▶ TASK OBJECTIVE: For the entries below, repeat exactly each line starting with the one that contains "Academic Program Review Report: ITC" and going on through the one that contains "macOS 10.15 CatalinaとmacOS", and no others.

▶ STORED DATA:
=== Begin Enclosure ===

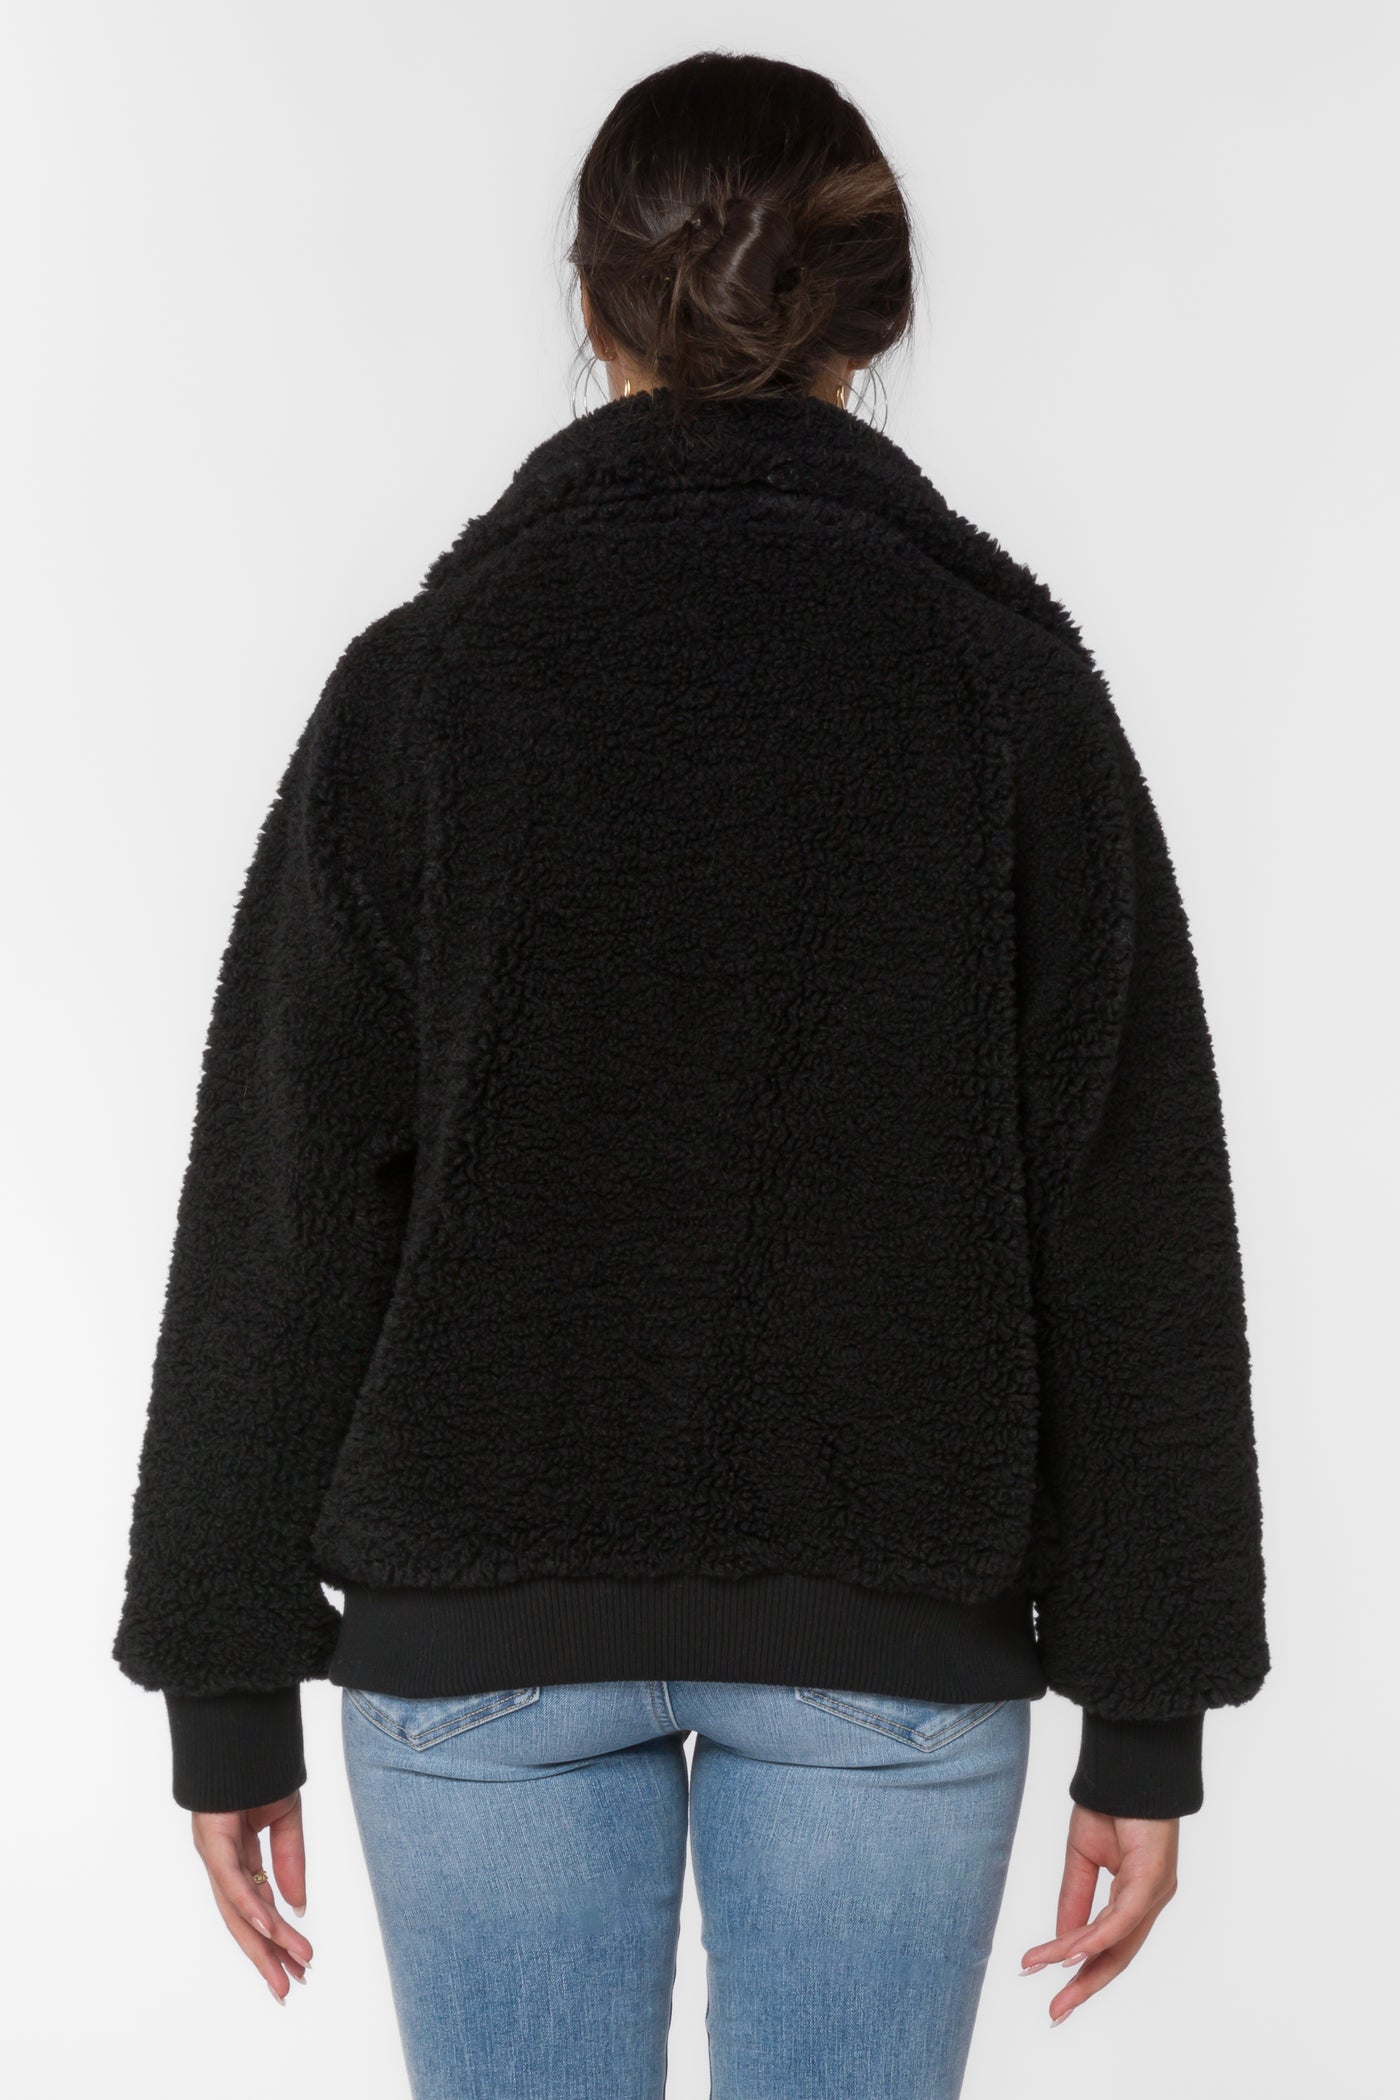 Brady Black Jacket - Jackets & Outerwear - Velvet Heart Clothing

=== End Enclosure ===
=== Begin Enclosure ===

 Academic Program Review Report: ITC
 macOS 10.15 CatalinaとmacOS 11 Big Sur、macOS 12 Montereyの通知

=== End Enclosure ===

▶ WRITTEN SOLUTION:
 Academic Program Review Report: ITC
 macOS 10.15 CatalinaとmacOS 11 Big Sur、macOS 12 Montereyの通知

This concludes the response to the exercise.